Cases called twice. None appears at the assessee’s behest. She is accordingly proceeded ex-parte.
3. The delay of 311 days in filing all the assessee’s instant appeals is condoned in light of larger interest of justice as well as in light of Collector, Land & Acquisition vs. Mst. Katiji & Others (1987) 167 ITR 471 (SC).
It emerges during the course of hearing with the able assistance coming from Revenue side that the assessee has filed her instant twin quantum and penalty appeals each i.e.

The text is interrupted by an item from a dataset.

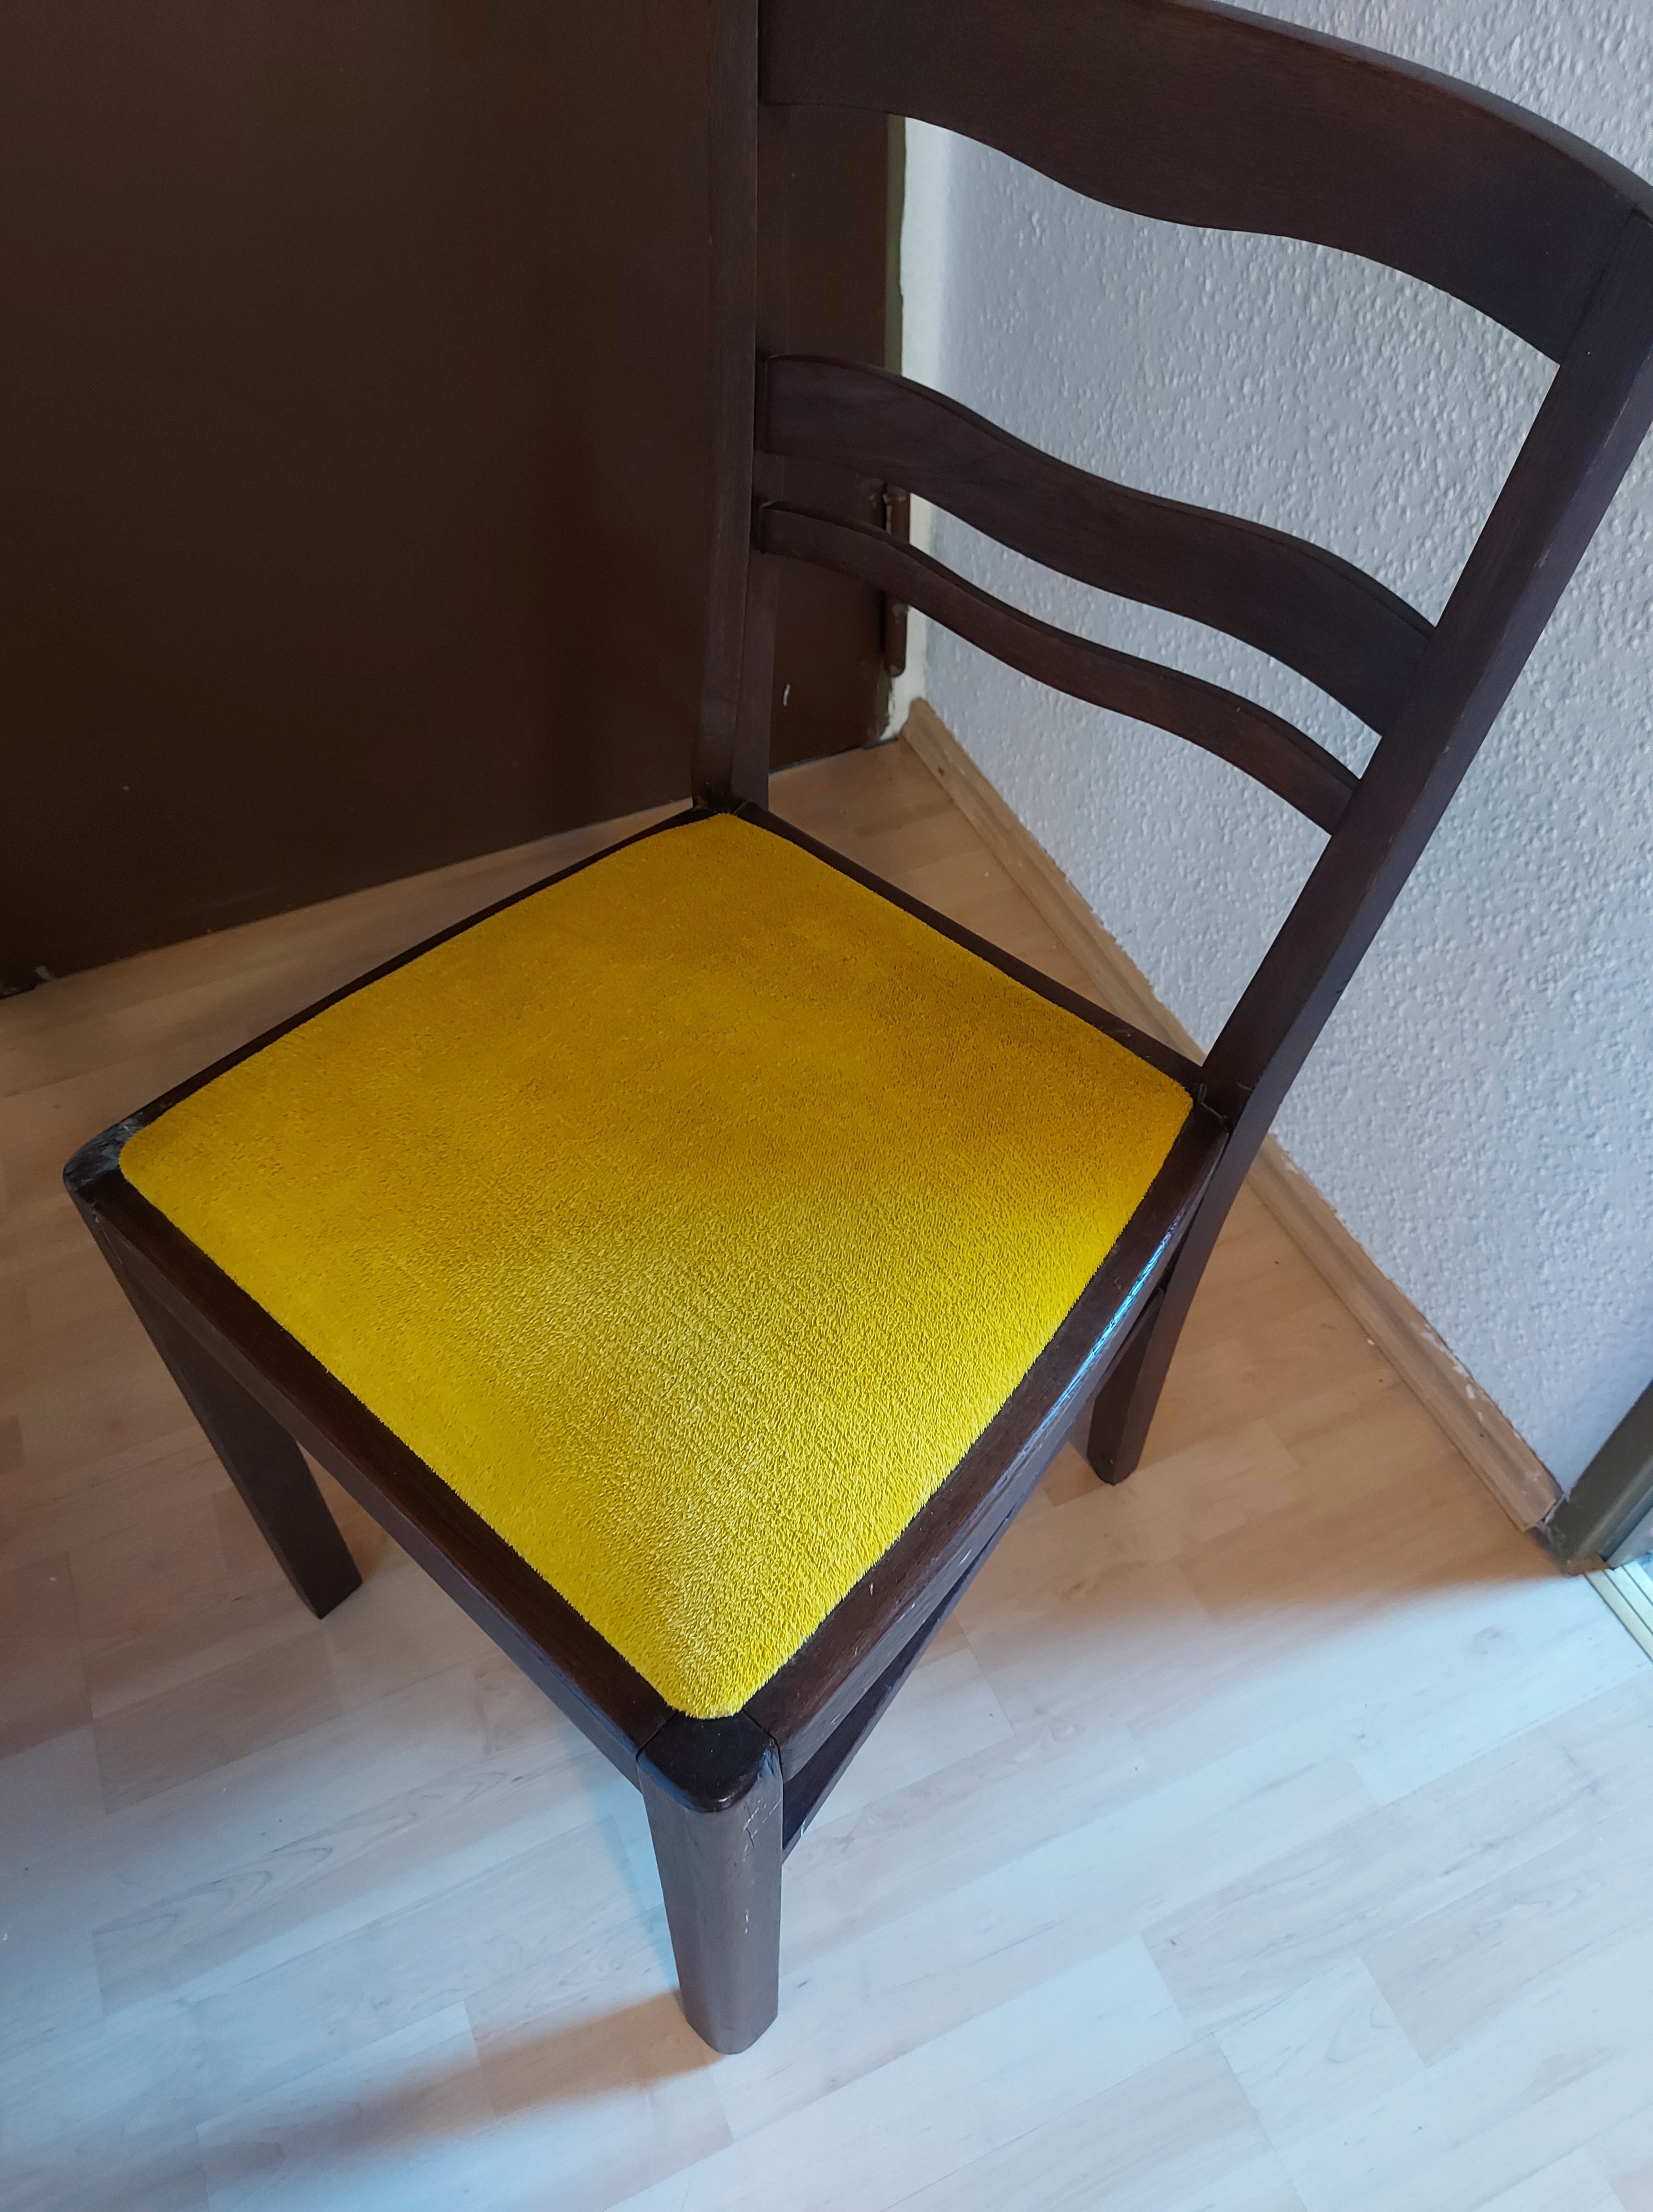 Stuhl Upcycling - Stuhlpolster färben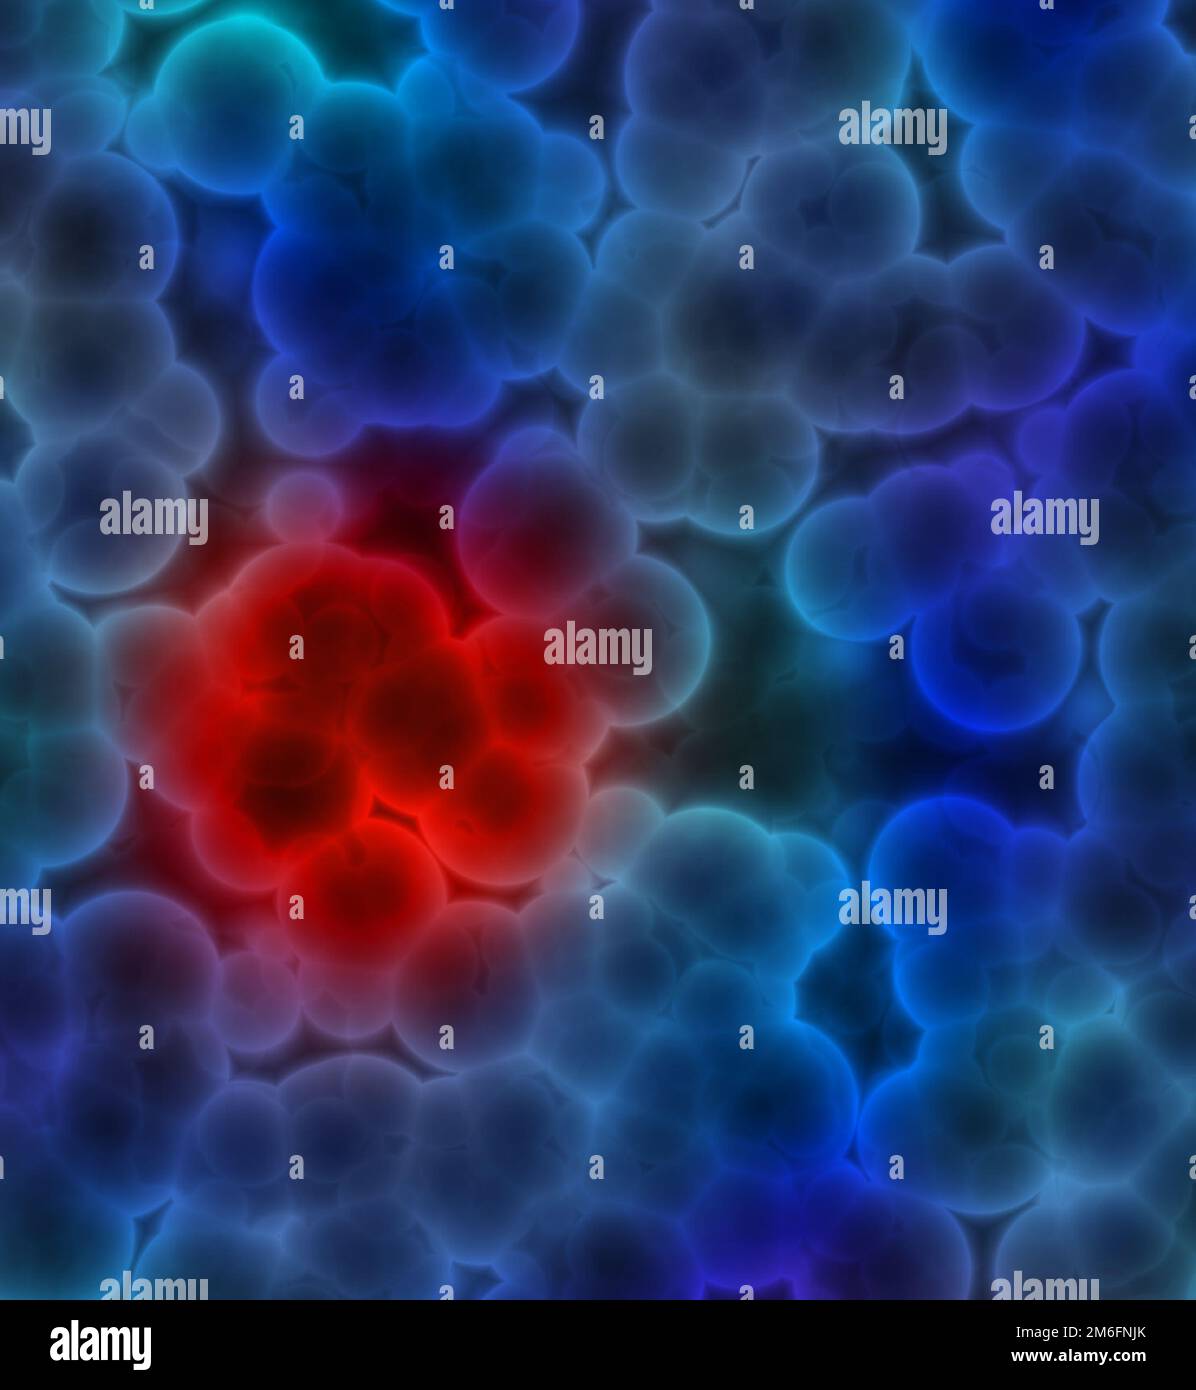 Illustrazione di cellule blu con cluster rosso che indicano un tumore o un'infezione da cancro Foto Stock

& 3/Agr/2024 for AY 2010-11 and & 5/Agr/2024 for AY 2011-12, respectively against the learned lower authorities’ respective findings firstly section 148/147 proceedings claiming unexplained investments addition etc. and levied section 271(1)(c) with corresponding penalties; respectively.
The Revenue side is indeed very fair at the outset in making it clear that the assessee’s instant four appeals involve identical set of facts. That being the case, we notice from a perusal of the assessee “lead” appeal that the learned Assessing Officers had recorded his reopening reasons that the assessee’s taxable income (on proximation basis) had escaped assessment. We are of the considered view in this factual backdrop that such a casual reopening reasons by the learned Assessing Officer are hardly sustainable in law as the same have to be recorded based on tangible material pinpointing escapement of all specific taxable income from being assessed as held in CIT Vs. Kelvinator of India, 2010 (2) SCC 723.